◆ Your assignment ◆
Please restate the data that follows word for word, with the pictures left out.

◆ Information shown ◆
──────────
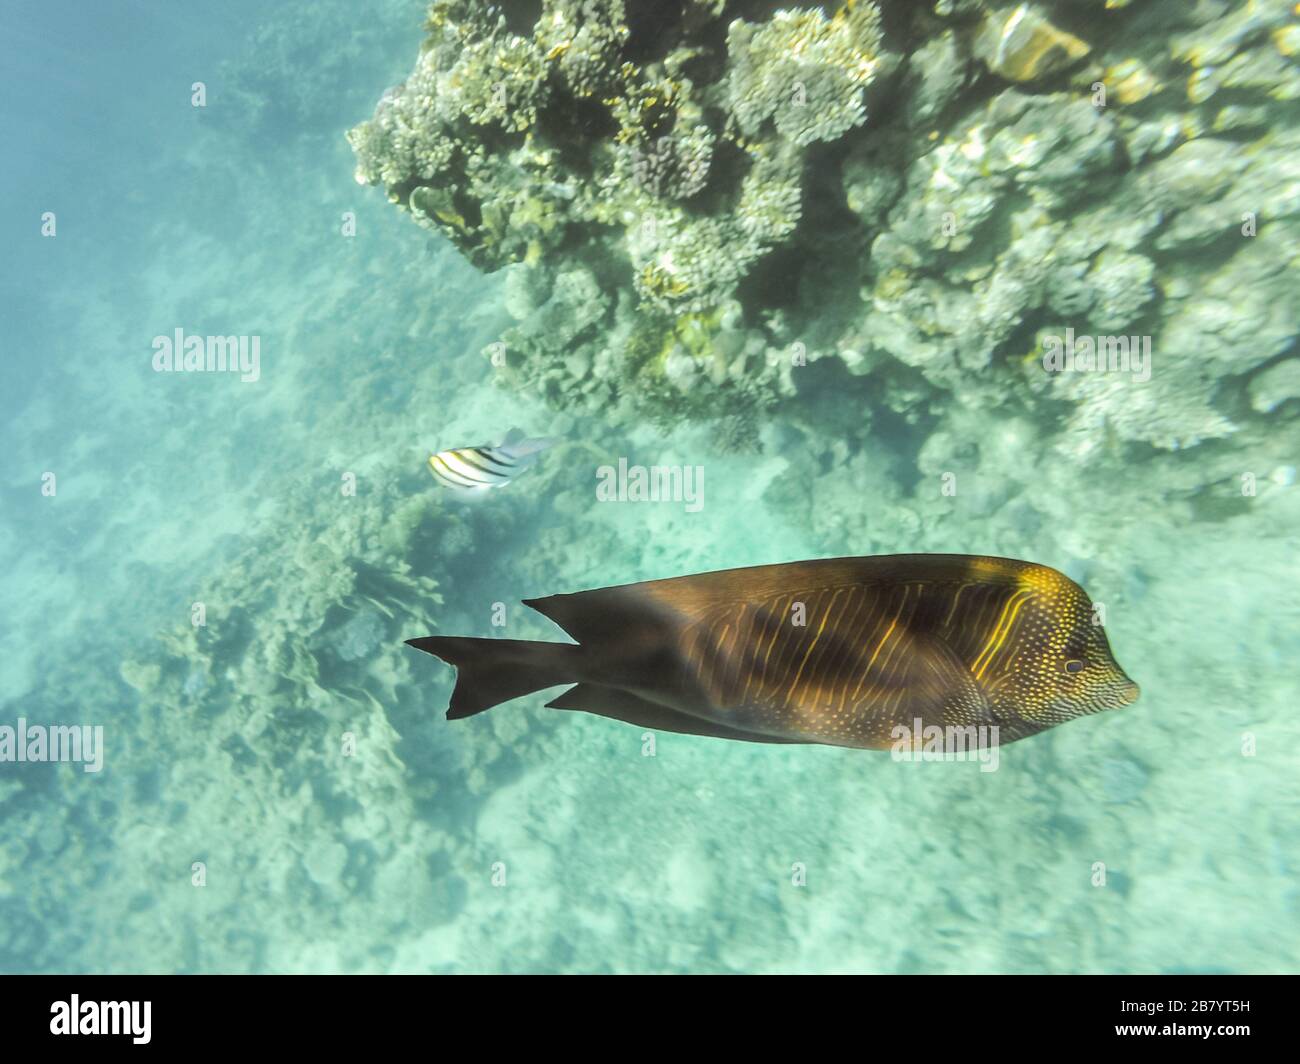 Fishes of the Red Sea, Egypt. Sailing Zebrasoma Desjardini (Zebrasoma desjardinii). Underwater shooting. Stock Photo
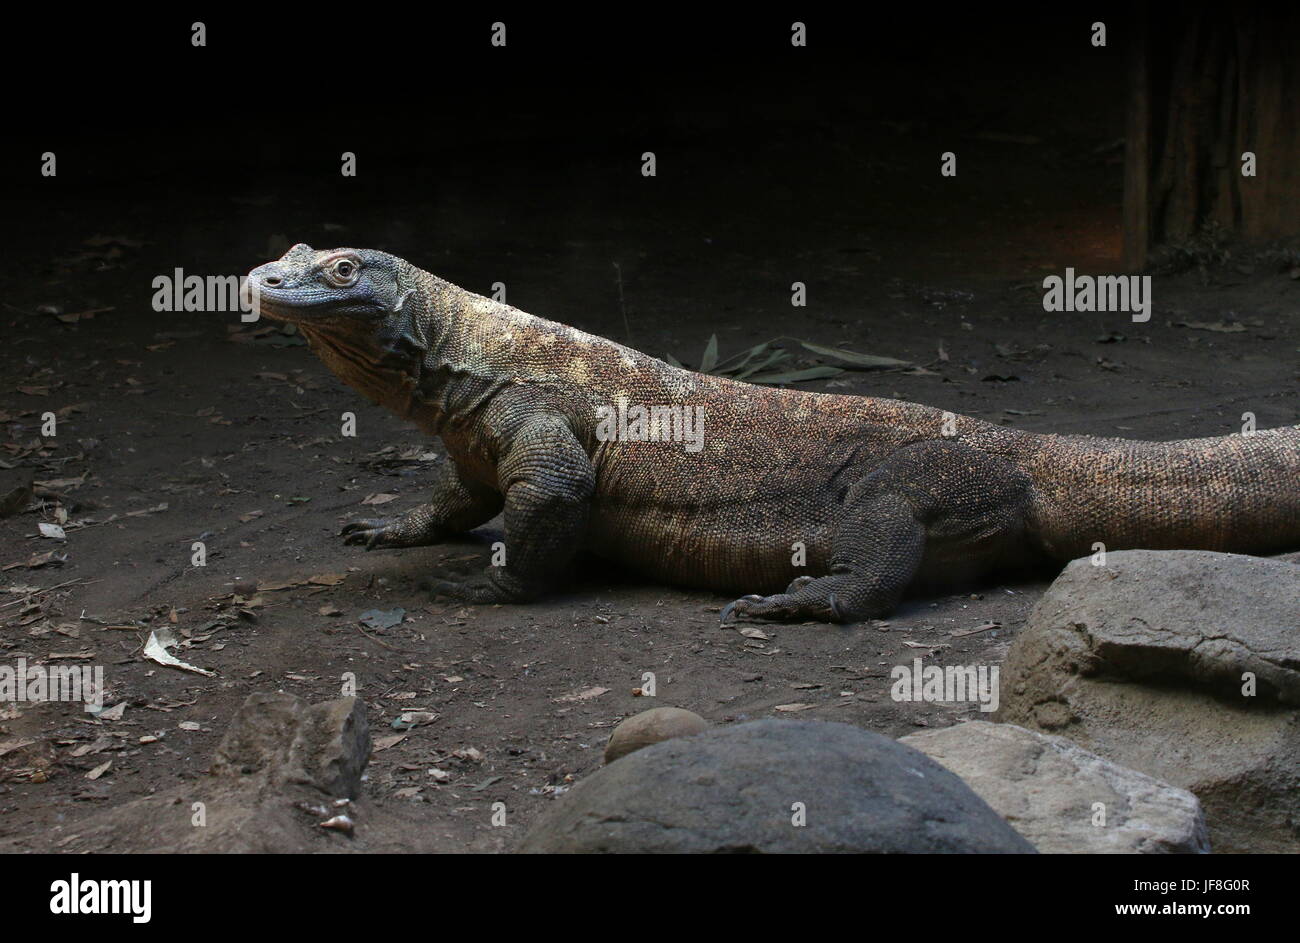 Male Indonesian Komodo dragon (Varanus komodoensis) Stock Photo
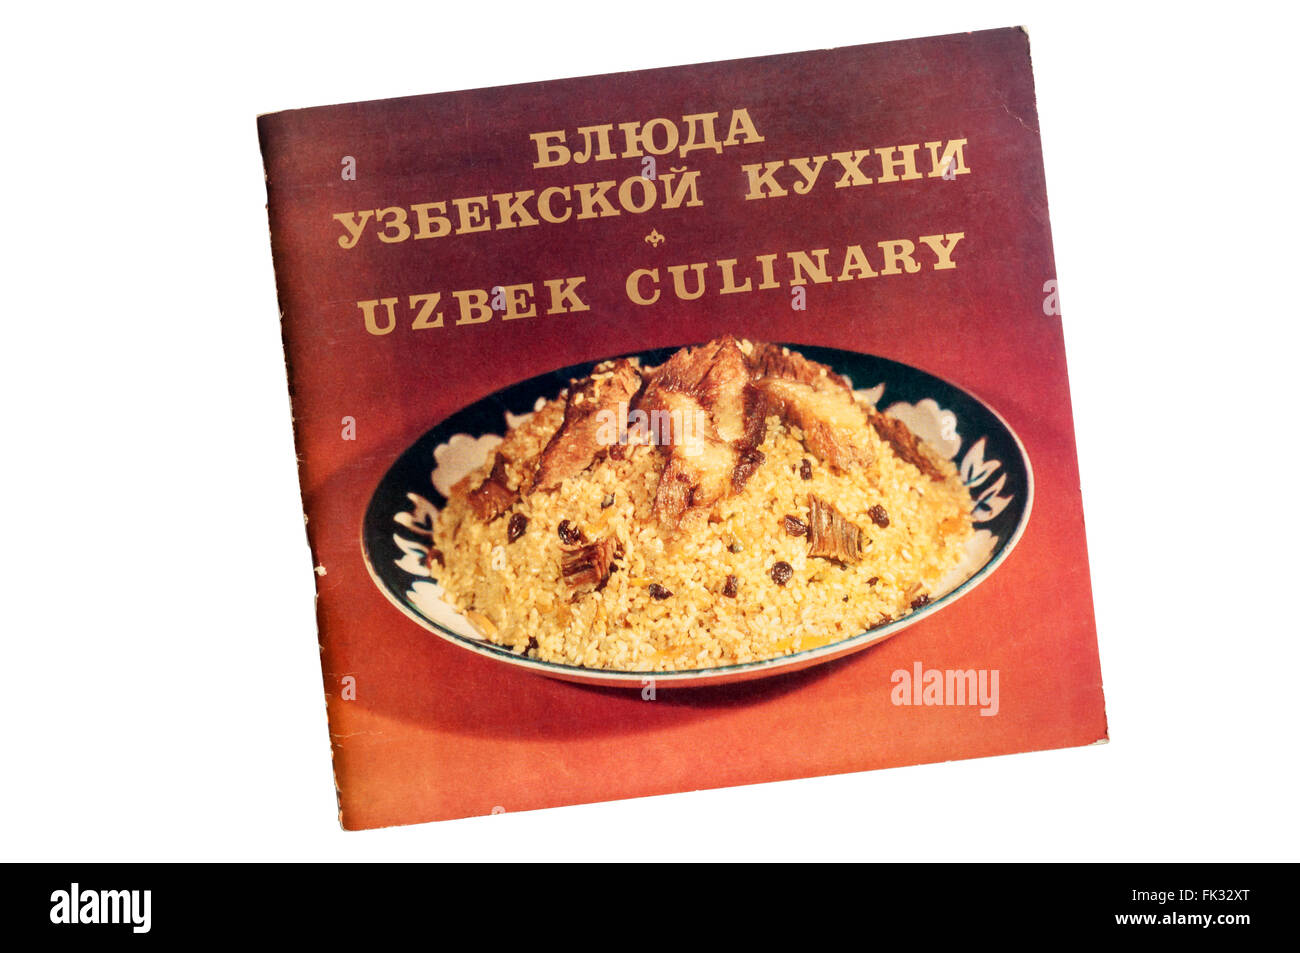 Uzbek Culinary, a cookery book of Uzbek recipes from Uzbekistan. Stock Photo
──────────
◆ Your solution ◆
 Fishes of the Red Sea, Egypt. Sailing Zebrasoma Desjardini (Zebrasoma desjardinii). Underwater shooting. Stock Photo
 Male Indonesian Komodo dragon (Varanus komodoensis) Stock Photo
 Uzbek Culinary, a cookery book of Uzbek recipes from Uzbekistan. Stock Photo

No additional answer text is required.